··· Given information ···

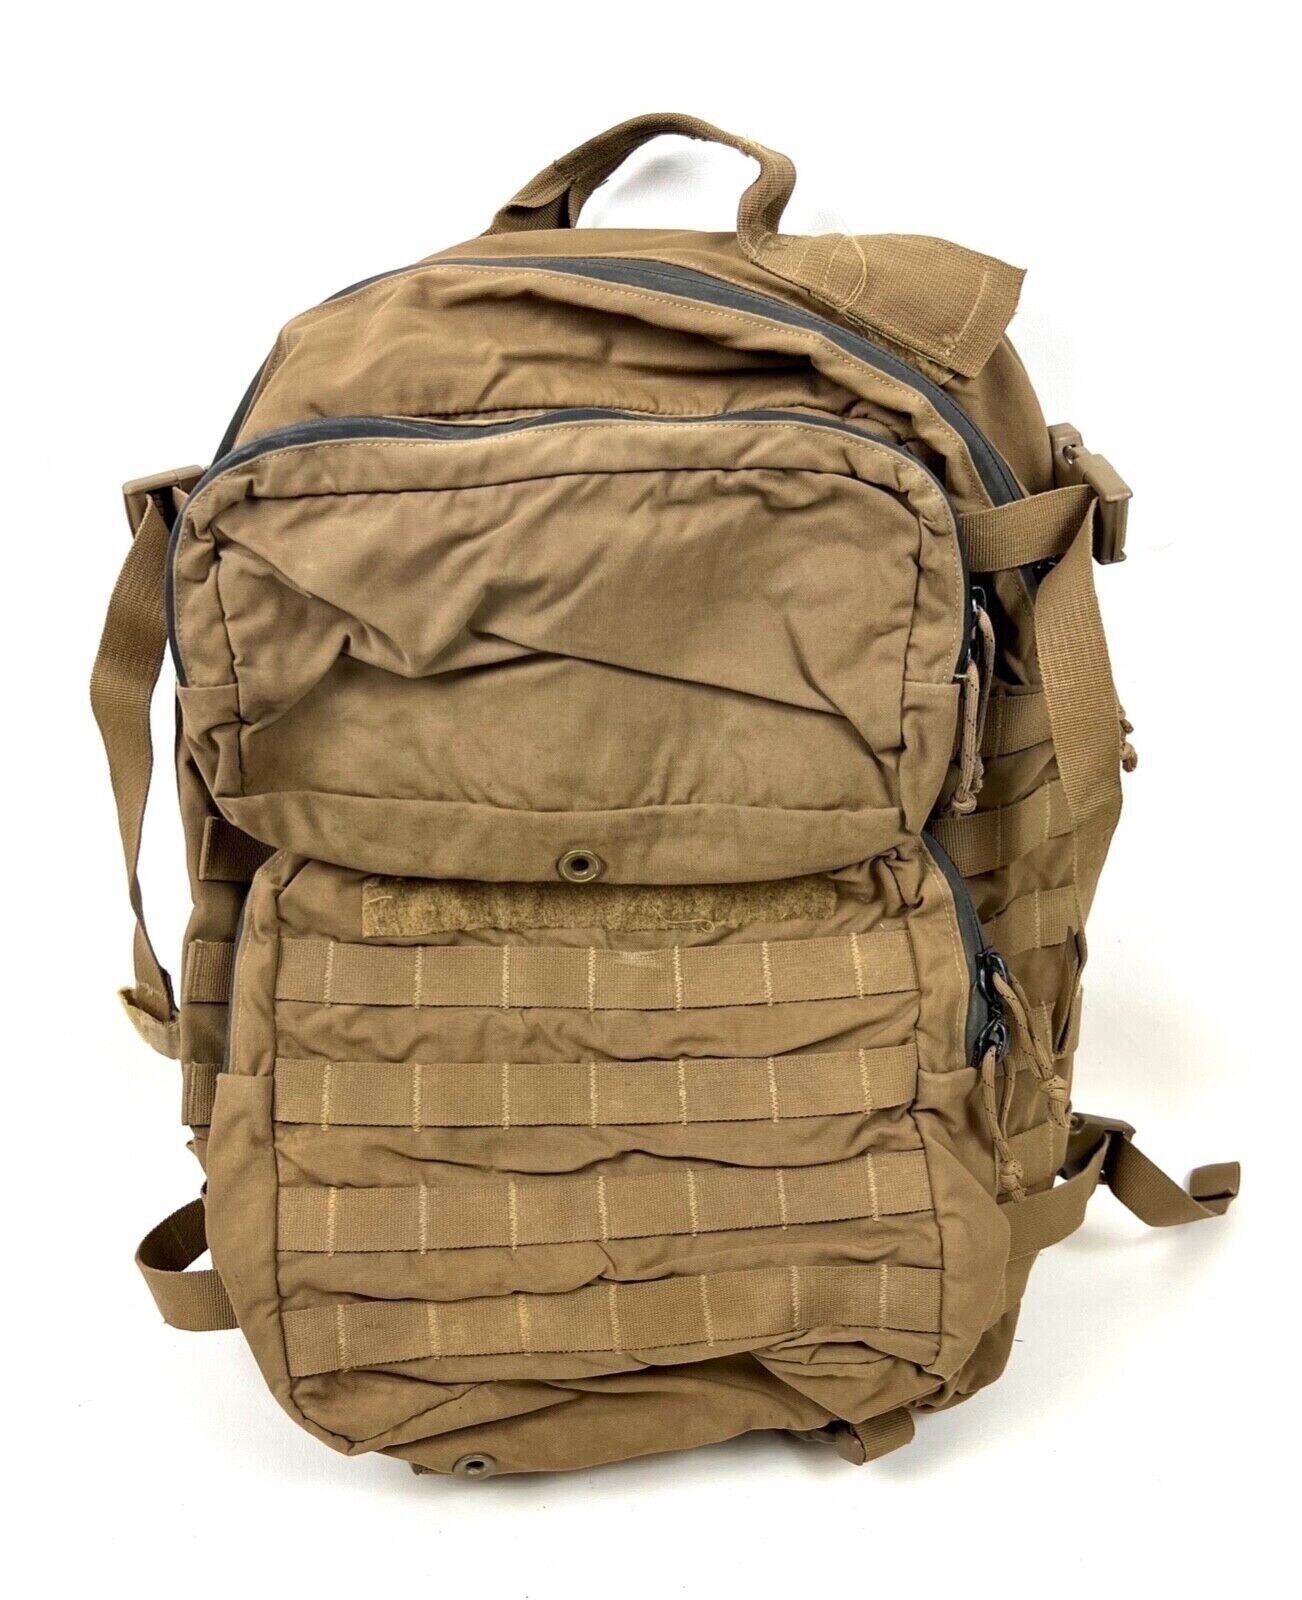 USMC Eagle Ind. FILBE 3 Day Assault Pack Coyote Tan Backpack w/ Assault Pouch
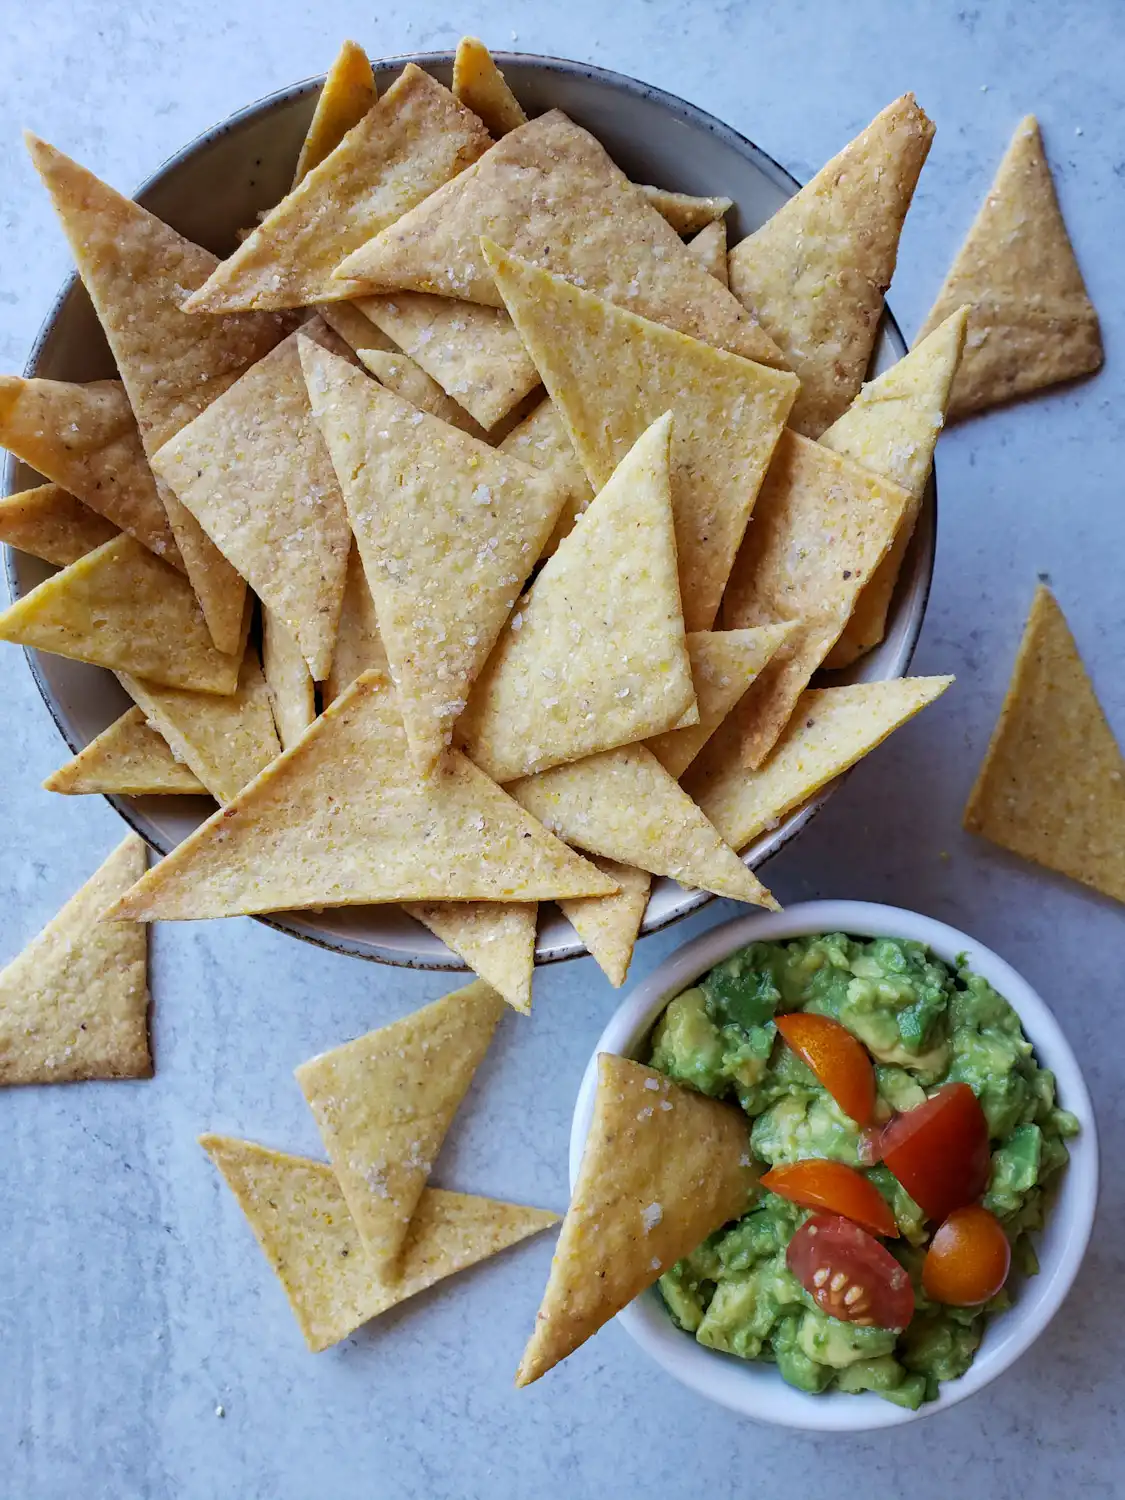 A close up image of a bowl of sourdough corn chips. They are golden to golden brown in color and triangular in shape. Specks of sea salt are visibly baked into the top of the chips. The bowl is overflowing with a few chips scattered around the perimeter of the bowl and a smaller white ramekin of fresh guacamole garnished with halved cherry tomatoes sits nearby. 
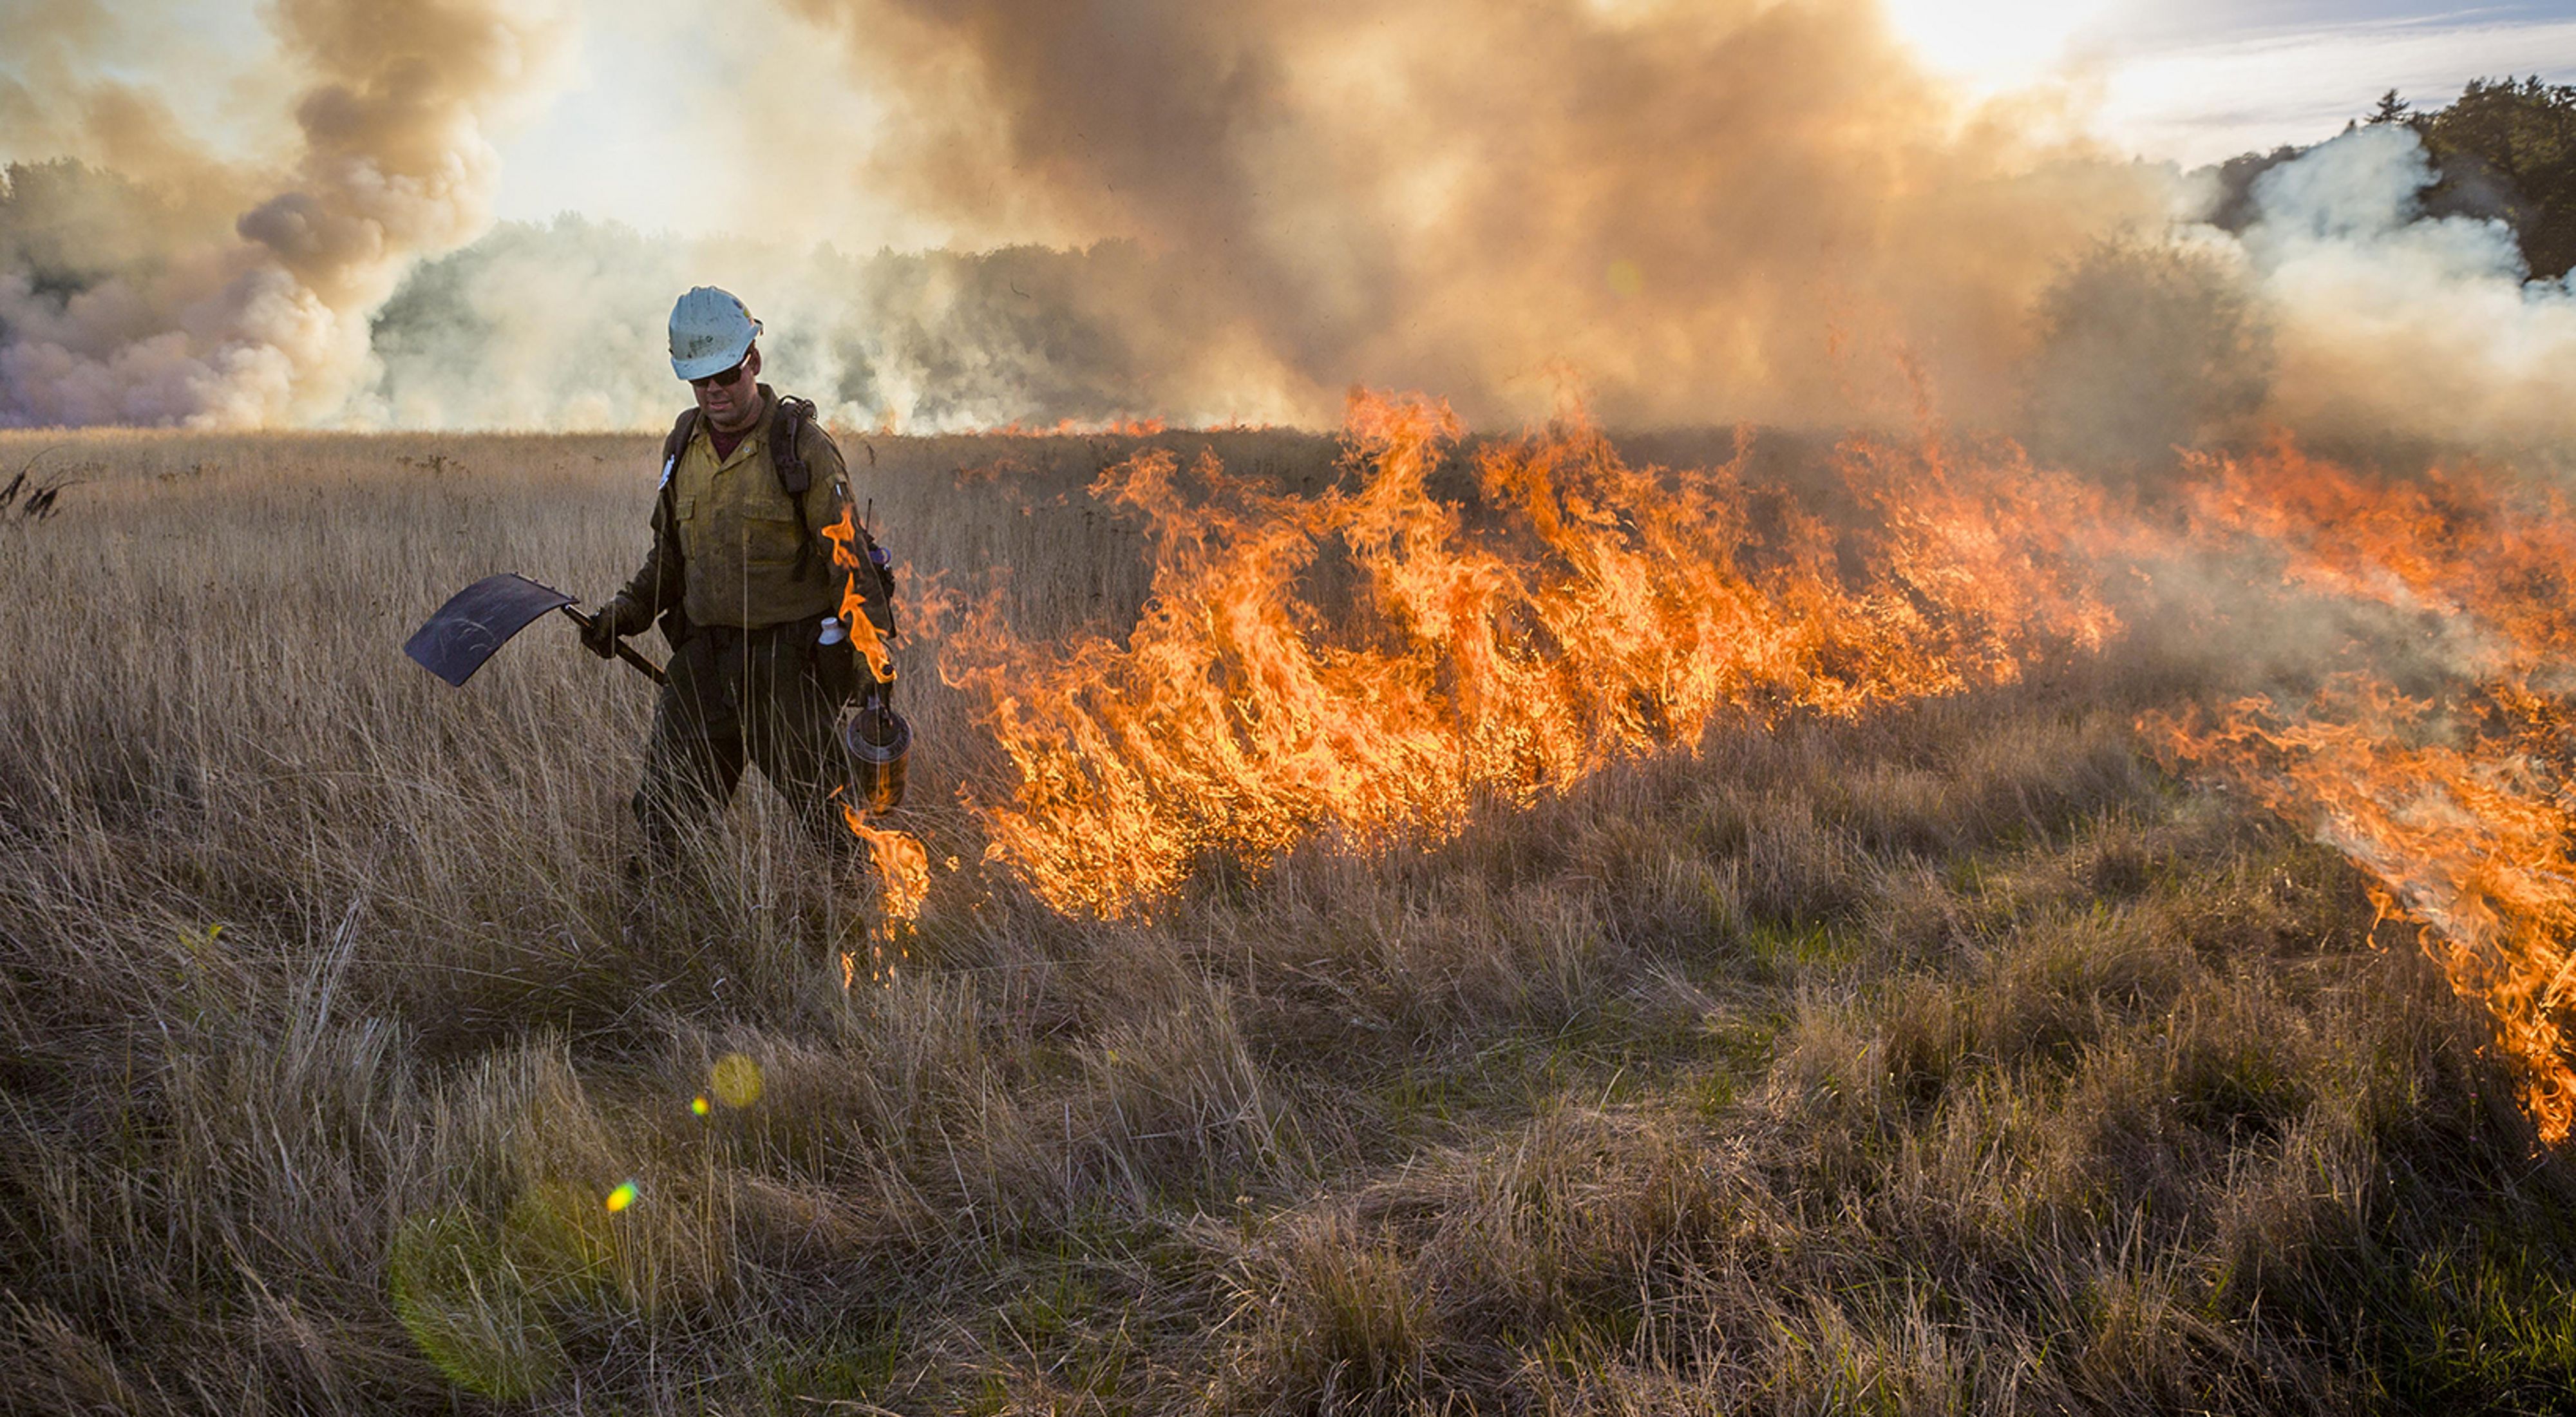 The Nature Conservancy conducts a prescribed burn in Willamette Valley, Oregon. Burns help to promote regeneration of native species in this historically fire adapted ecosystem.

···

▶ **Problem description**
Could you output the listing word for word, omitting every picture?

▶ **Answer for this exercise**
 USMC Eagle Ind. FILBE 3 Day Assault Pack Coyote Tan Backpack w/ Assault Pouch
 A close up image of a bowl of sourdough corn chips. They are golden to golden brown in color and triangular in shape. Specks of sea salt are visibly baked into the top of the chips. The bowl is overflowing with a few chips scattered around the perimeter of the bowl and a smaller white ramekin of fresh guacamole garnished with halved cherry tomatoes sits nearby. 
 The Nature Conservancy conducts a prescribed burn in Willamette Valley, Oregon. Burns help to promote regeneration of native species in this historically fire adapted ecosystem.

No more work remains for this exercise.